German business executive

Bernhard Scheuble (born 1953 in Munich) is a German business executive and former chairman and CEO of Merck.

He studied physics at the University of Freiburg and did his doctoral research at the Fraunhofer Society. After obtaining a doctorate in physics, he was a researcher at the Fraunhofer Society until 1982, when he joined Merck. At Merck, he became director of the laboratory for liquid crystal research. From 1986 he was worked for Merck in Japan, where he built a research centre for liquid crystal research.
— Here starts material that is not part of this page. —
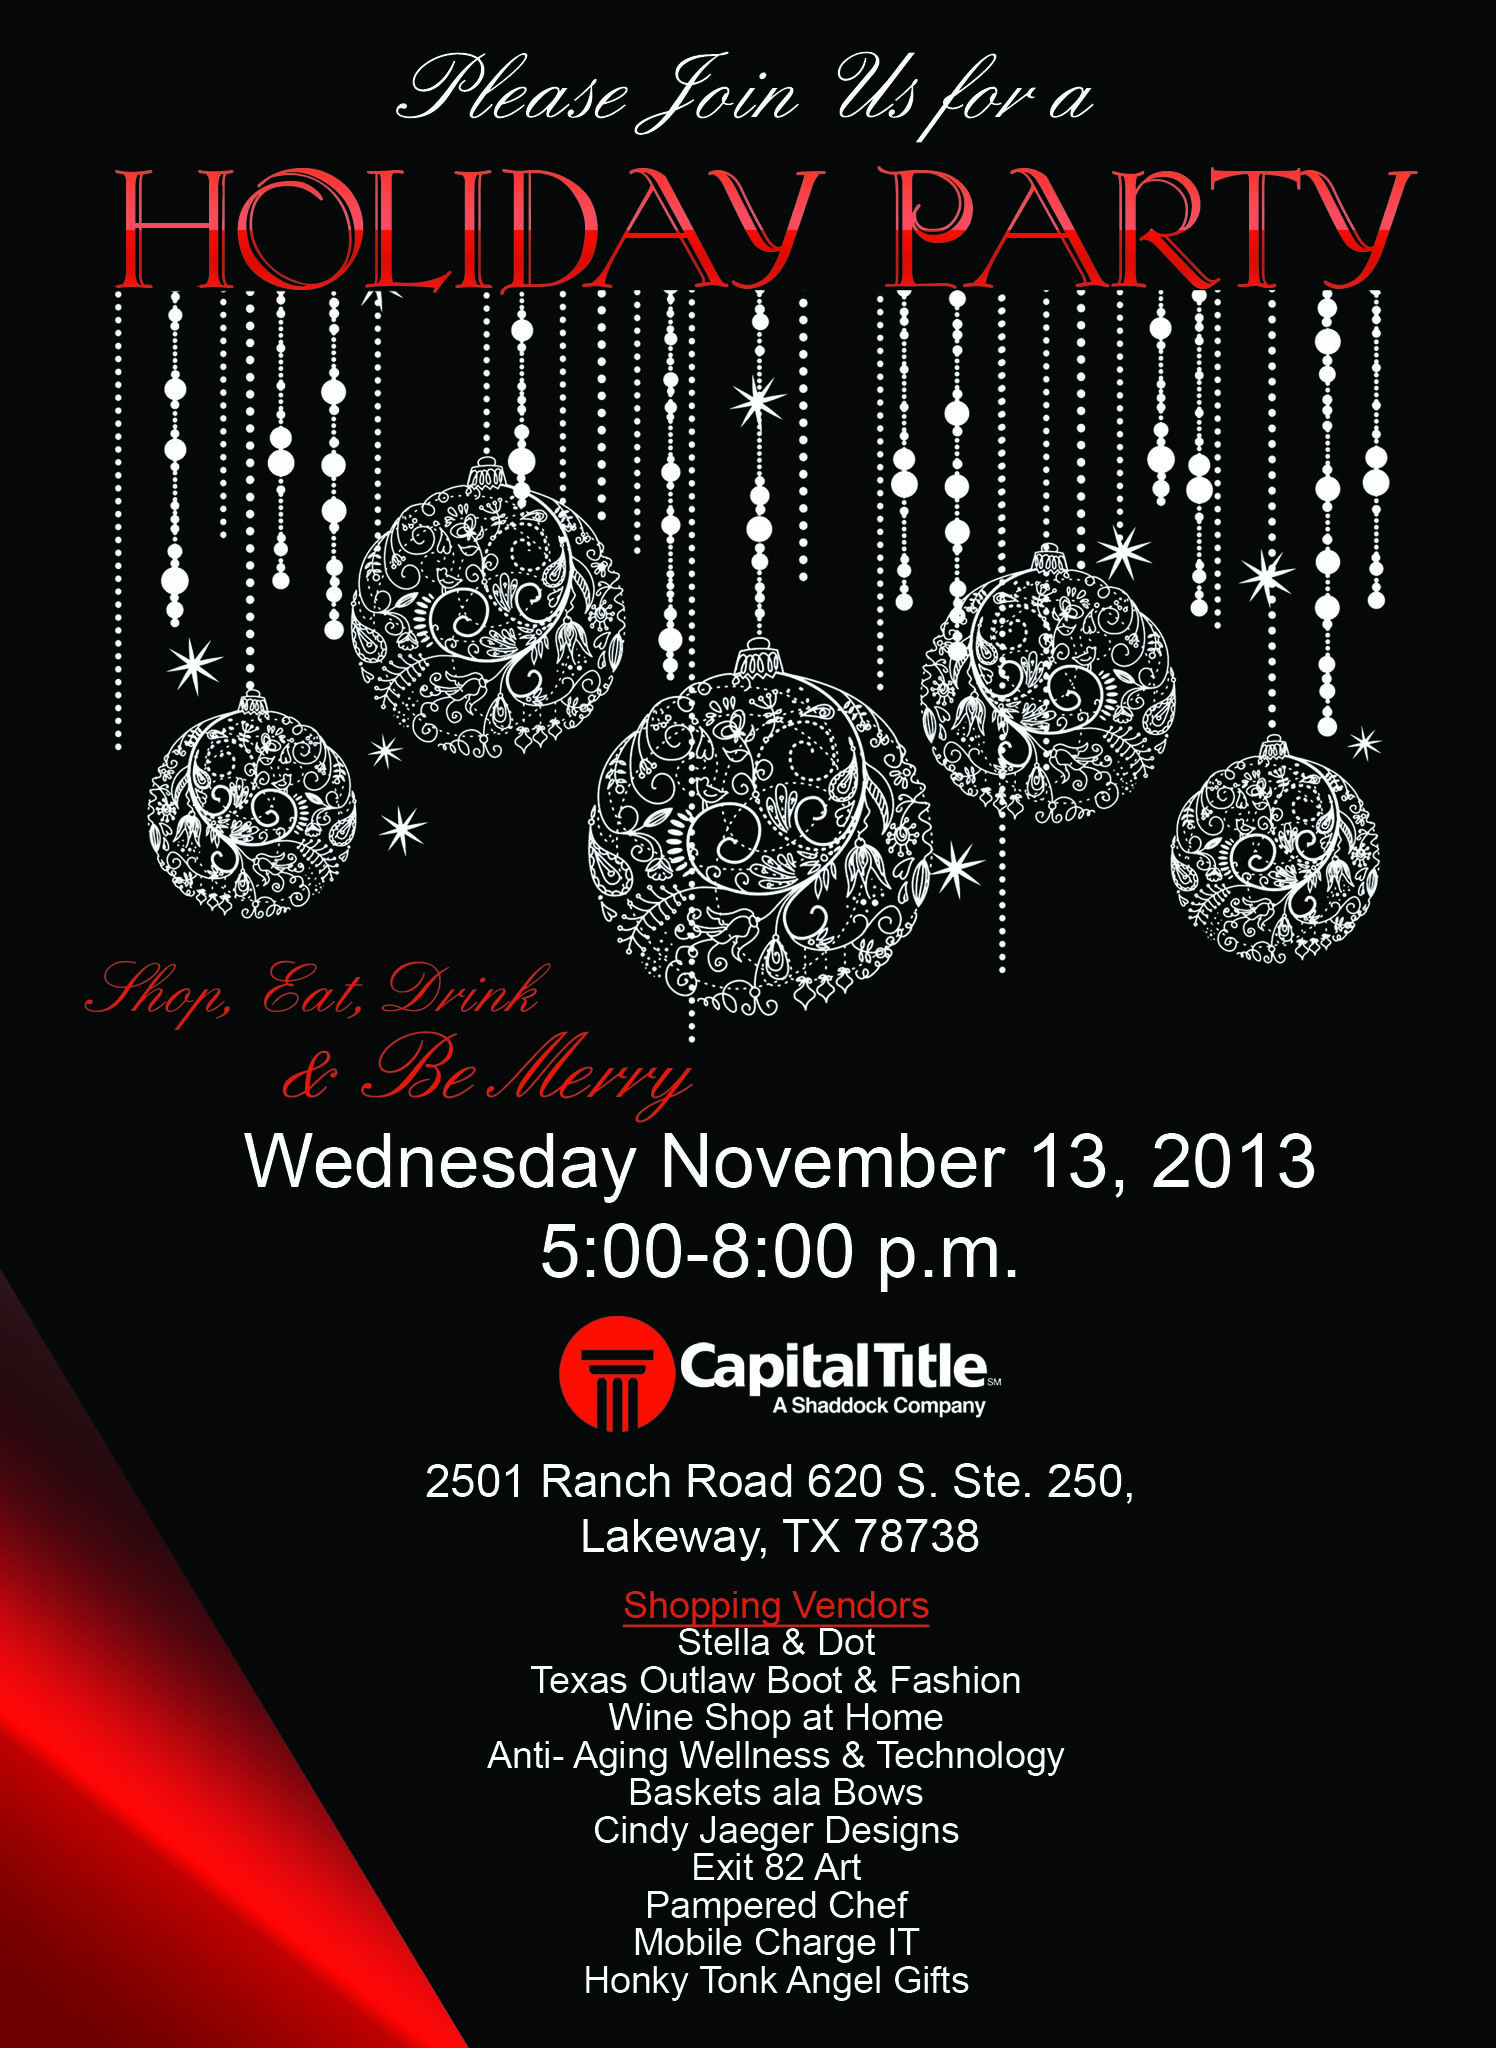 CTOT Holiday Party

He returned to Germany to join the company's senior management team, first as head of the liquid crystal division and then as head of the international pharmaceutical division. He became an honorary professor at the University of Stuttgart in 1997. In 1998 he became a member of the executive board. He became deputy CEO in February 2000 and became CEO in July 2000, succeeding Hans Joachim Langmann. In 2002, he also became a member of the executive board of Merck's holding company, E. Merck oHG. He retired as CEO on 20 November 2005.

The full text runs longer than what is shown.